少し前の「え?」という小さな反応のみである。
というか、摩魚たちはすでに覚悟を決めていたかのようだった。これに拍子抜けして、菊代は鼻で溜め息を着いたのち。
「私たち新世界十字軍は、各国のインスマウス町と首都を制圧と支配下においてきた。韓国、タイ、パキスタン、エジプト、イタリア、イングランド、中国、アメリカ。そして、この日本も例外なく私たちが統治管理下に置く。最終地の日本で大きな混乱を起こして、世界のリセットをしたあと、新しい秩序によって地球を建て直してやる。ーーーその混乱を起こす場所は、首都、東京だ。同時に、陰洲鱒町も制圧する。ーーーそして幸いなことに、それまでの猶予は今日から数えて二日間ある」
と、菊代は白い歯を見せて二本指を立てた。
「二日後の進攻までよく考えておけ。
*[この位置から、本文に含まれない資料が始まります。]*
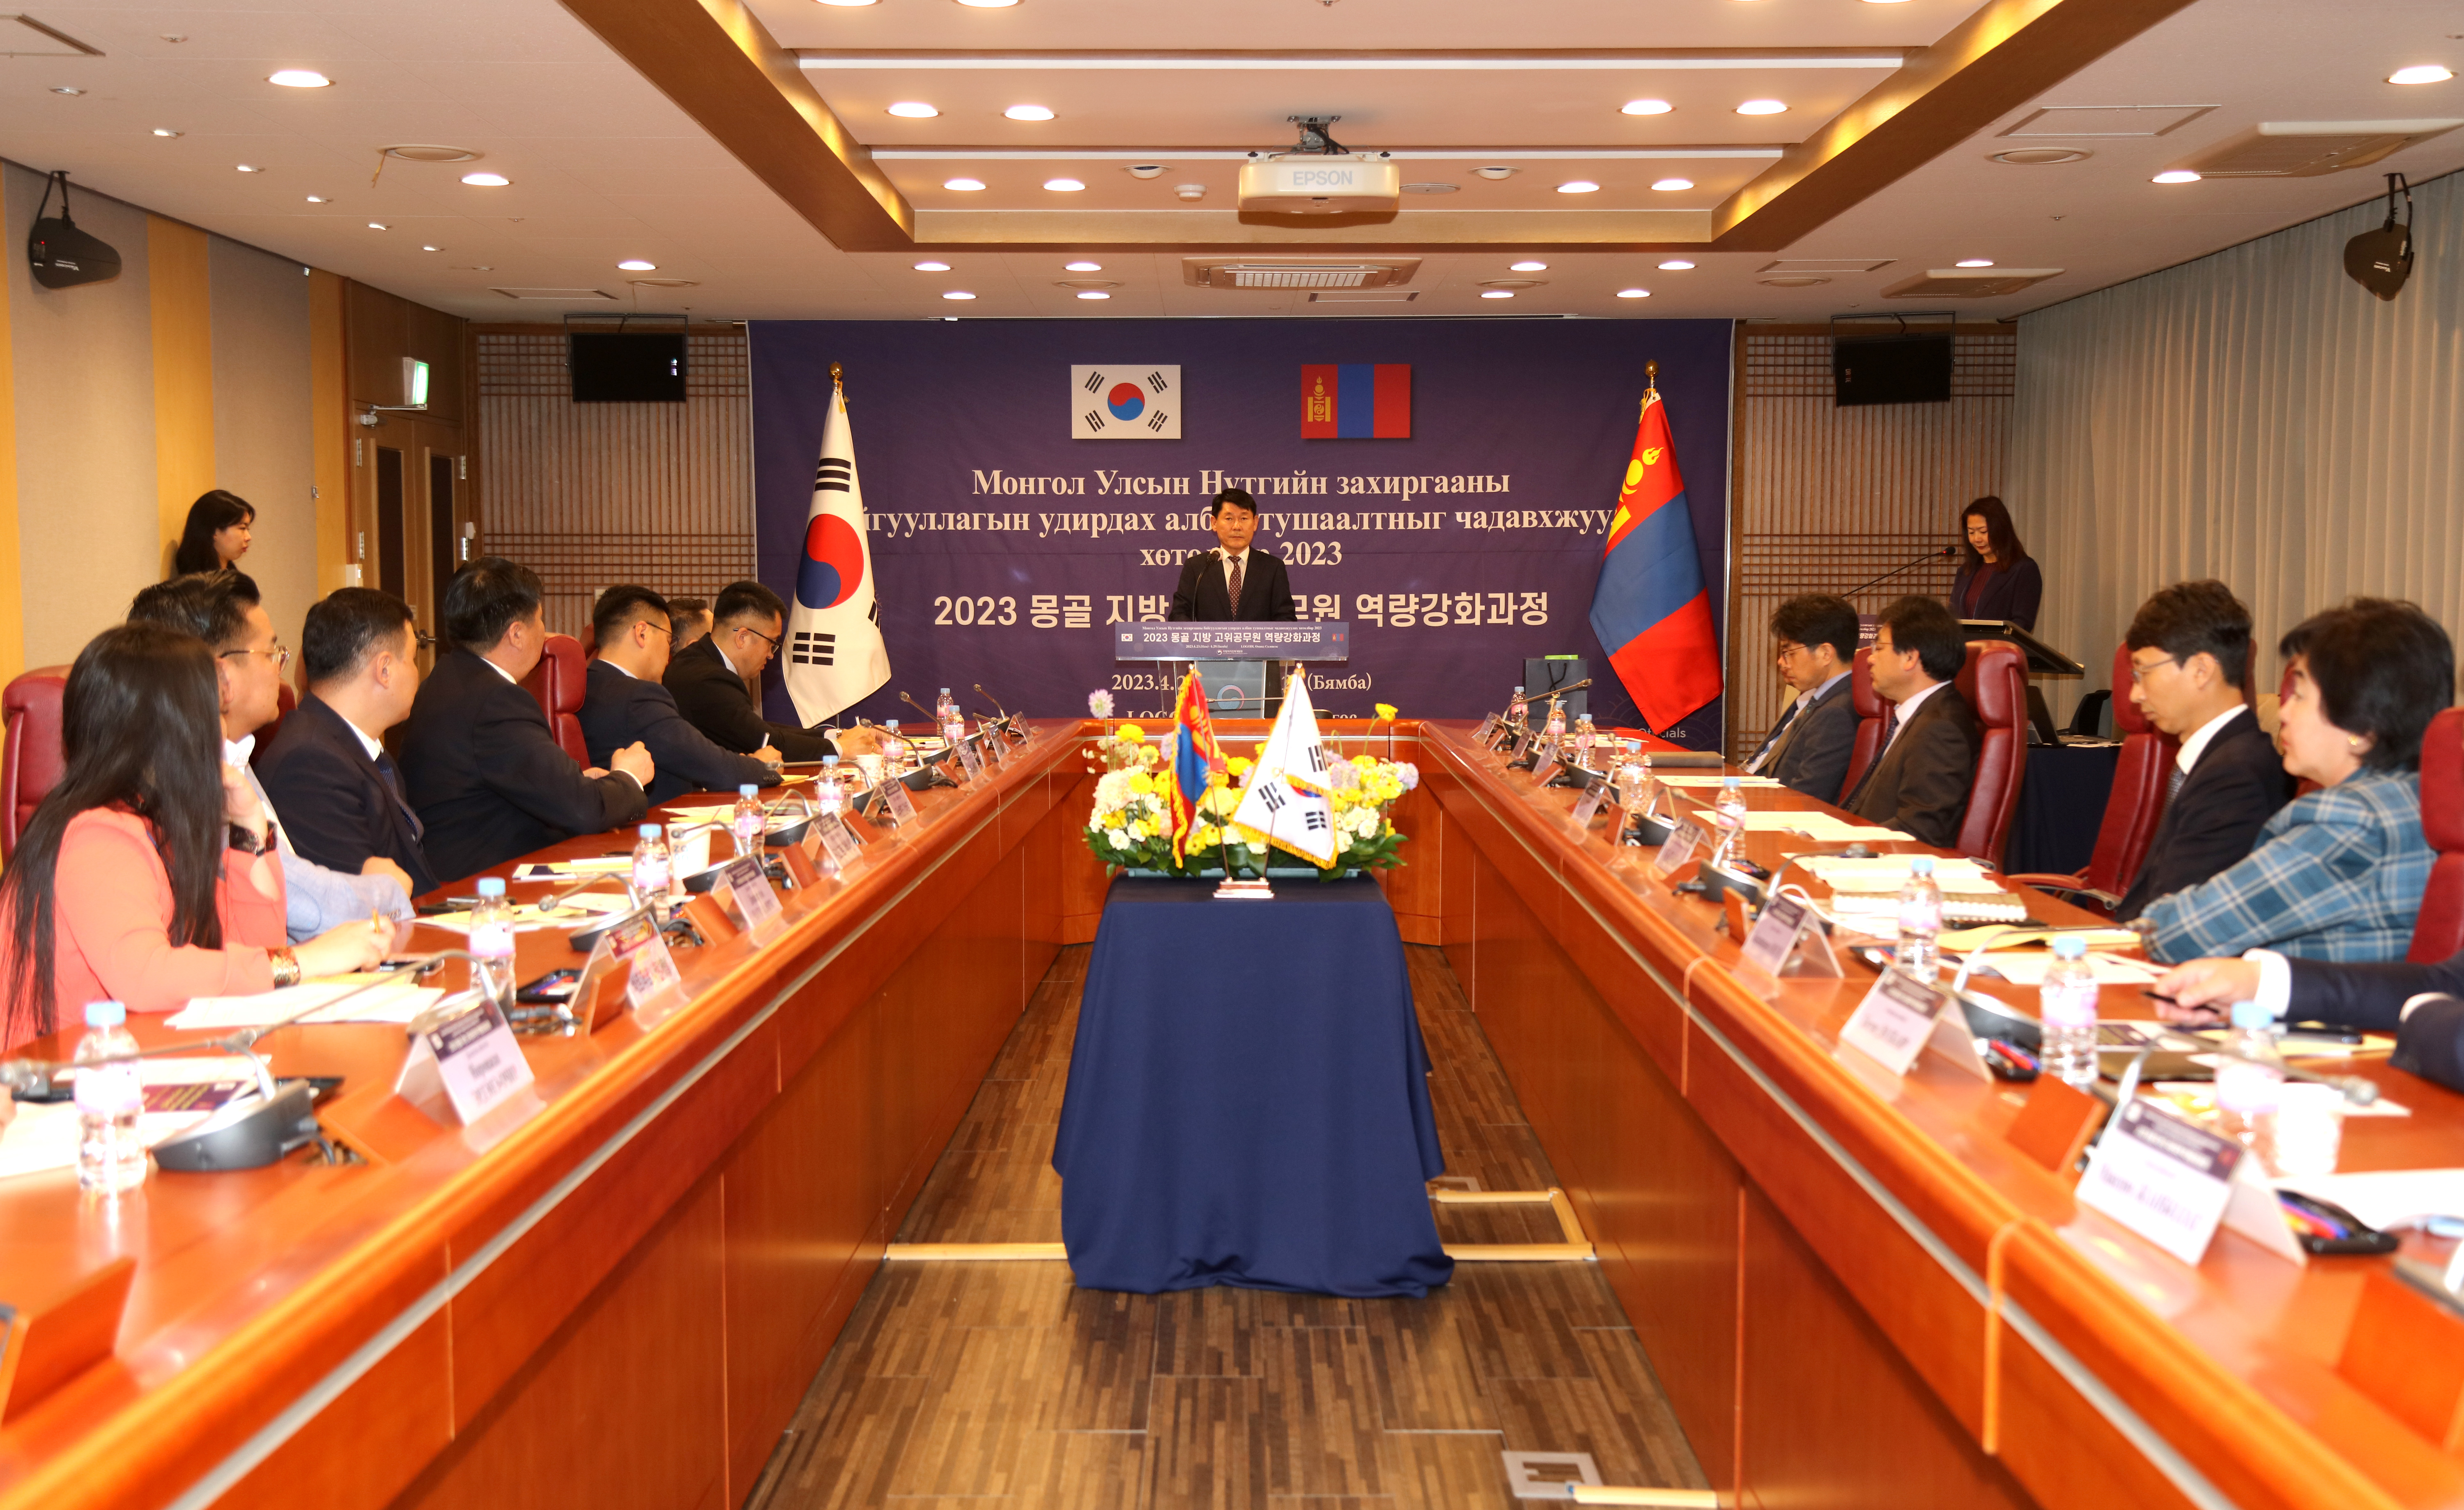 Mongolian Officials Prepare to Improve Public Service by Sharing Korea's Cases.

話しによっては、考えてやらんこともない。これが私の携帯電話番号だ。話しがあったら“こちら”までかけてくれ。場所は、大波止のデパートの喫茶店だ」
そう言って、摩魚に電話番号を書いた用紙を手渡した。
「もう一度言う。明後日、二日後に陰洲鱒町と東京都に進攻する。ーーーじゃあな。また会おう」
別れを述べたあと、菊代は側近と仲間を連れて各々の愛車に乗り込むと、エンジンを吹かして院里学会の稲佐町施設から右折して出ていった。
移動中の車内。イシュタルは車内無線機で、いまだに松浦市で待機をしている自身の部下たちに、現場から撤収して市内の待機拠点まで戻るようにと指示を出していった。